Since 1925, the San Antonio Zoo has had 12 elephants — Cindra, Romero, Babe, Watti, Motti, Ginny, Belle, Alport, Missy, Wanda, Boo and, of course, the aging Lucky. One World Conservation says it conducted extensive research and found that all of those elephants were mistreated. You can read the press clippings here.

“They were not meeting the needs of the species then, and they are not meeting the needs of the species now. The articles show how horribly the elephants have been mistreated throughout the years. This is not the first time the San Antonio Zoo has been surrounded by controversy,” Karrie Kern, CEO and Founder of One World Conservation, says in a press release. “We are bringing this information to the forefront today because we don’t want these elephants to be forgotten. Their lives mattered then and they matter to us today.”

Kern says Lucky should spend her golden years at the refuge in Tennessee, but the zoo says the move is too dangerous. According to One World Conservation, the fact that Lucky is alone in a small enclosure that doesn't even have grass is also a major stress and moving Lucky, while it would be a stress, is a better trade-off than Lucky's current situation.

More and more research is pointing out that elephants are intelligent creatures that probably shouldn't be incarcerated in zoos, as the Scientific American points out.

Because of recent experiments designed with the elephant’s perspective in mind, scientists now have solid evidence that elephants are just as brilliant as they are big: They are adept tool users and cooperative problem solvers; they are highly empathic, comforting one another when upset; and they probably do have a sense of self.

And that's why they shouldn't be locked up.

At least a few zoos are using the latest science to transform their elephant enclosures, giving the animals more room to roam as well as intellectually stimulating puzzles.

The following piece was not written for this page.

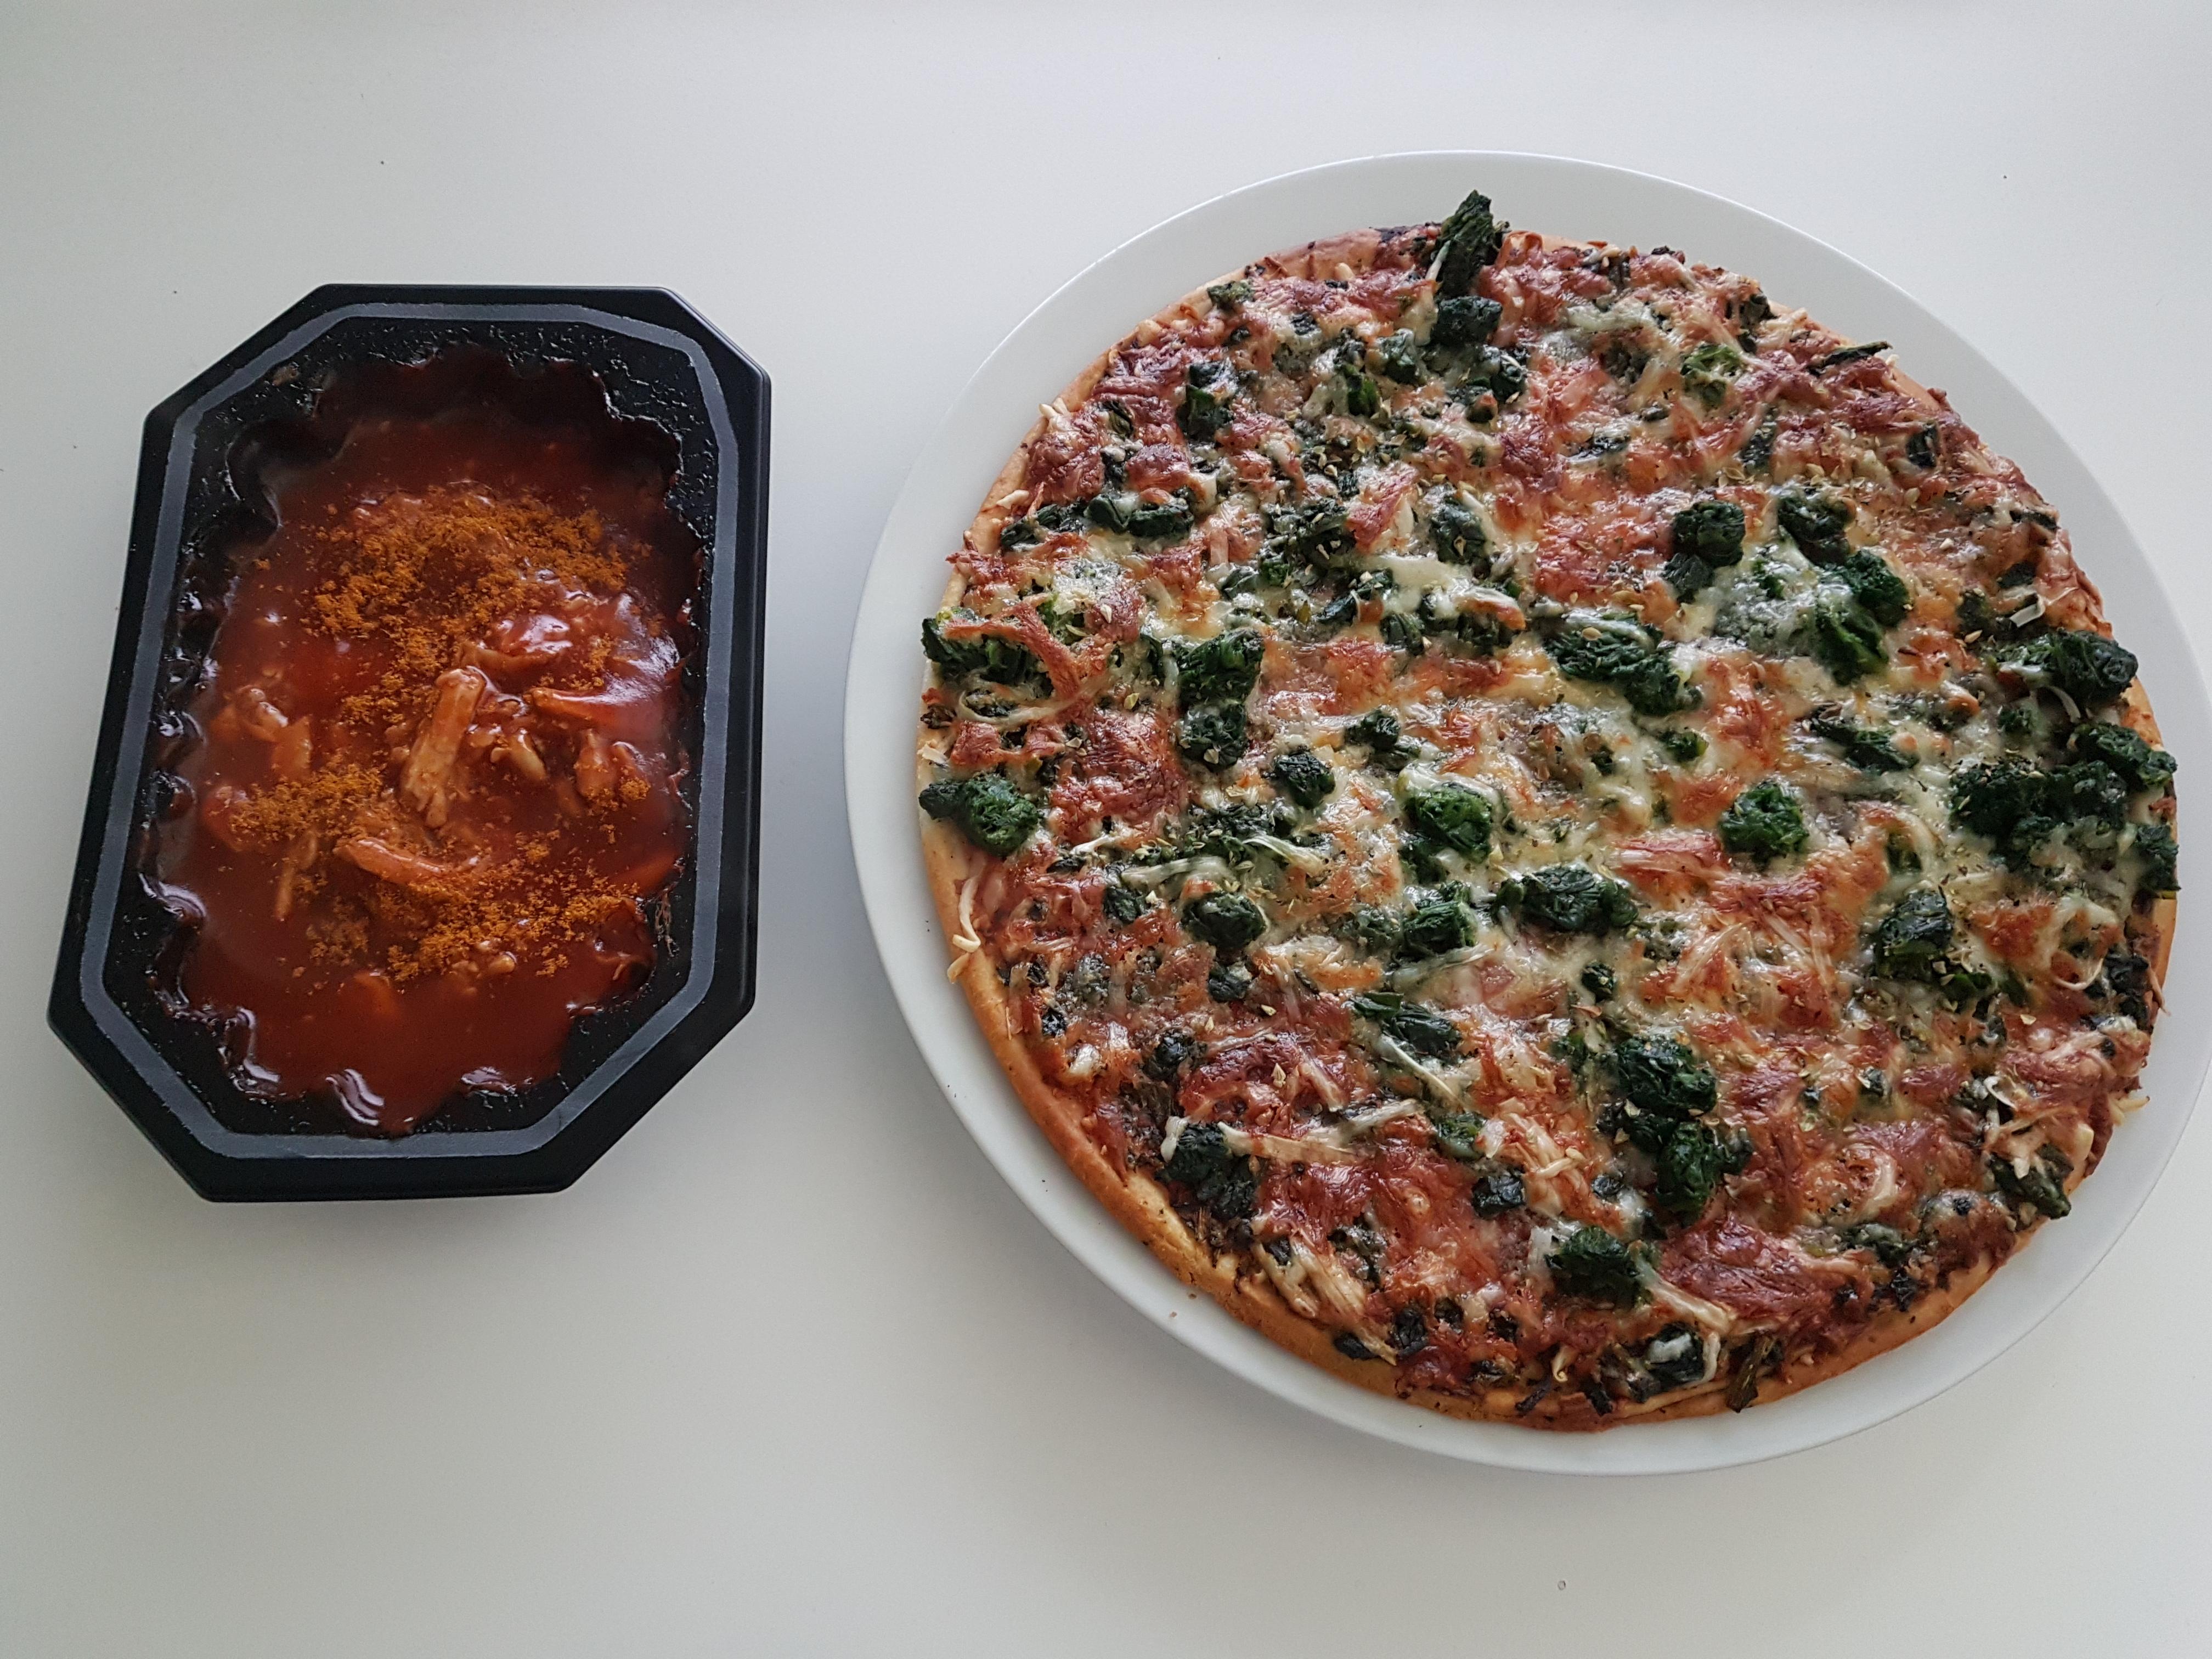 https://foodloader.net/Holz_2017-10-24_Pizza_und_Pulled_Pork.jpg

Only some zoos can afford to make such changes, however, and many elephant experts maintain that, given everything we know about the creatures’ mental lives, continuing to keep any of them locked up is inexcusable.

Even the "Greatest Show On Earth" gets it, as the New York Post reported in March. That's right, the Ringling Bros. and Barnum and Bailey Circus announced that due to a changing attitude among its customers, who were uncomfortable with captured elephants being paraded around for show, it would remove 13 elephants by 2018 and move them to a conservation area by Orlando, Florida.